Building Community and Synergistic Relationships
Jerry Willis and Dee Anna Willis established SITE to foster a sense of community among academicians who were exploring the new task of preparing teachers to incorporate emerging technologies into teaching practice. At first it was possible for every single member to know and interact with every other member. As the educational technology society has grown, some of this early sense of community has been less feasible through direct personal contact and interactions at conferences and meetings. If any group should have the capacity to build a virtual community that extends direct personal interactions it should be a professional association of educational technologists.

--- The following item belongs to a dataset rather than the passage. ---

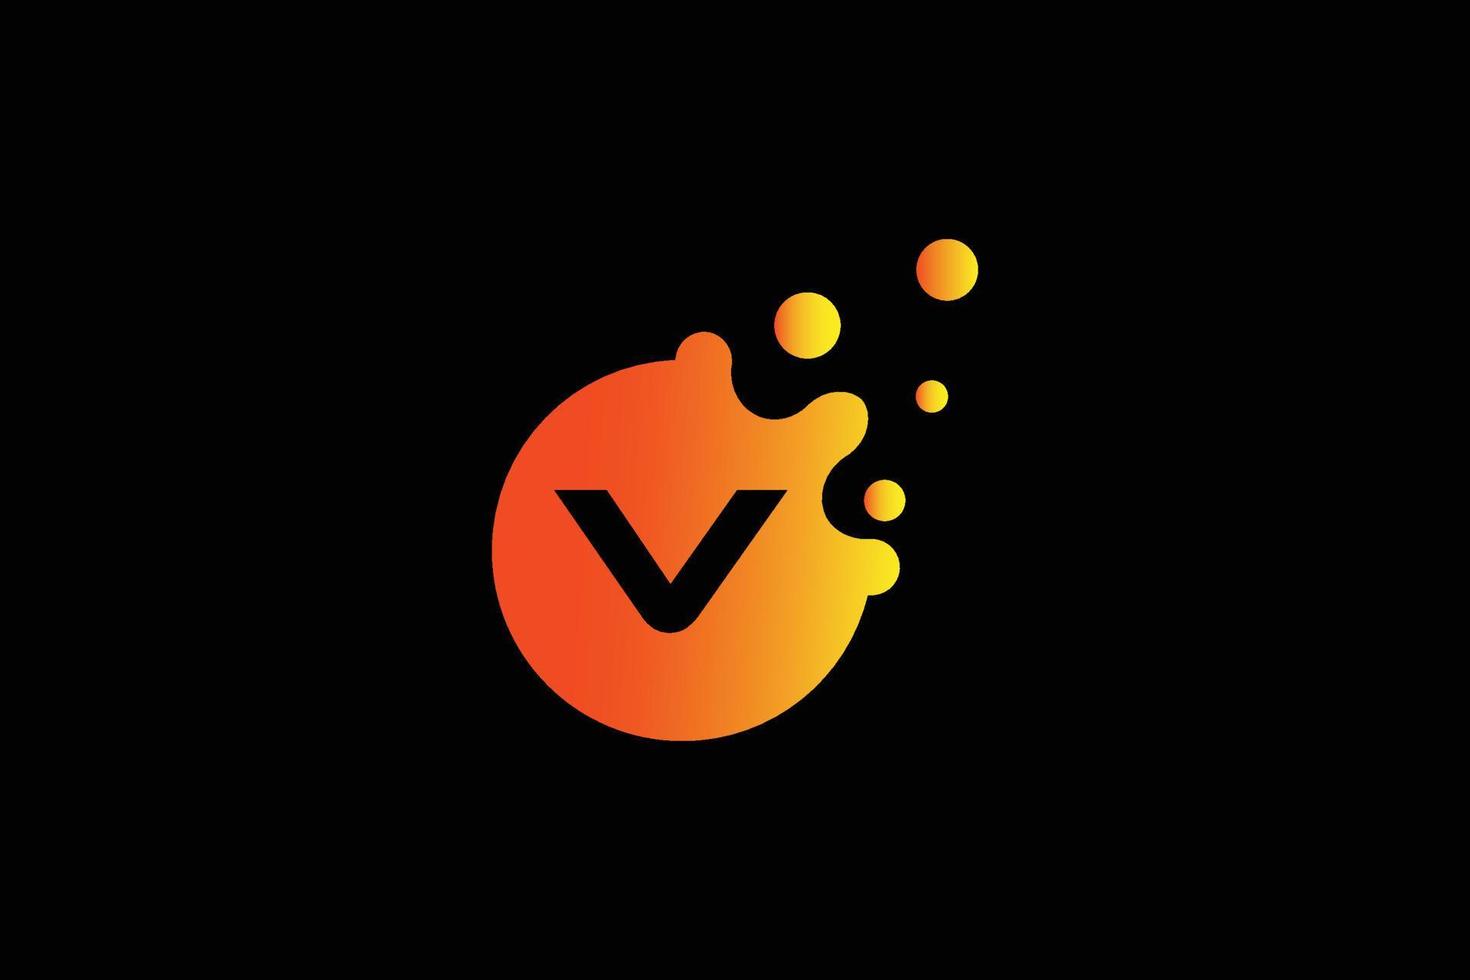 Buchstabe V-Logo. v Briefdesignvektor mit Punktvektorillustration. buchstabenmarkenlogo mit orange und gelbem verlauf. vektor

We envision a web site that serves as a ‘portal’ for all of SITE’s print and electronic publications, as well as discussion and scholarly dialog associated with them. The portal would become an access point for digital scholarship related to technology and teacher education. Figure 1 is a prototype of the interface.
Figure 1. Prototype of digital scholarship portal
This portal will include a link to an integrated submissions process for both JTATE and CITE Journal . This common online submission screen will include a brief overview and explanation of the print and online journals and their functions, with options to submit an article to either of the two. A third option of ‘unsure’ or ‘doesn’t matter’ will allow authors to request that the article be submitted to the most appropriate venue, to be determined by the editors. This implies a coordinated editorial board, which should benefit both authors and association members.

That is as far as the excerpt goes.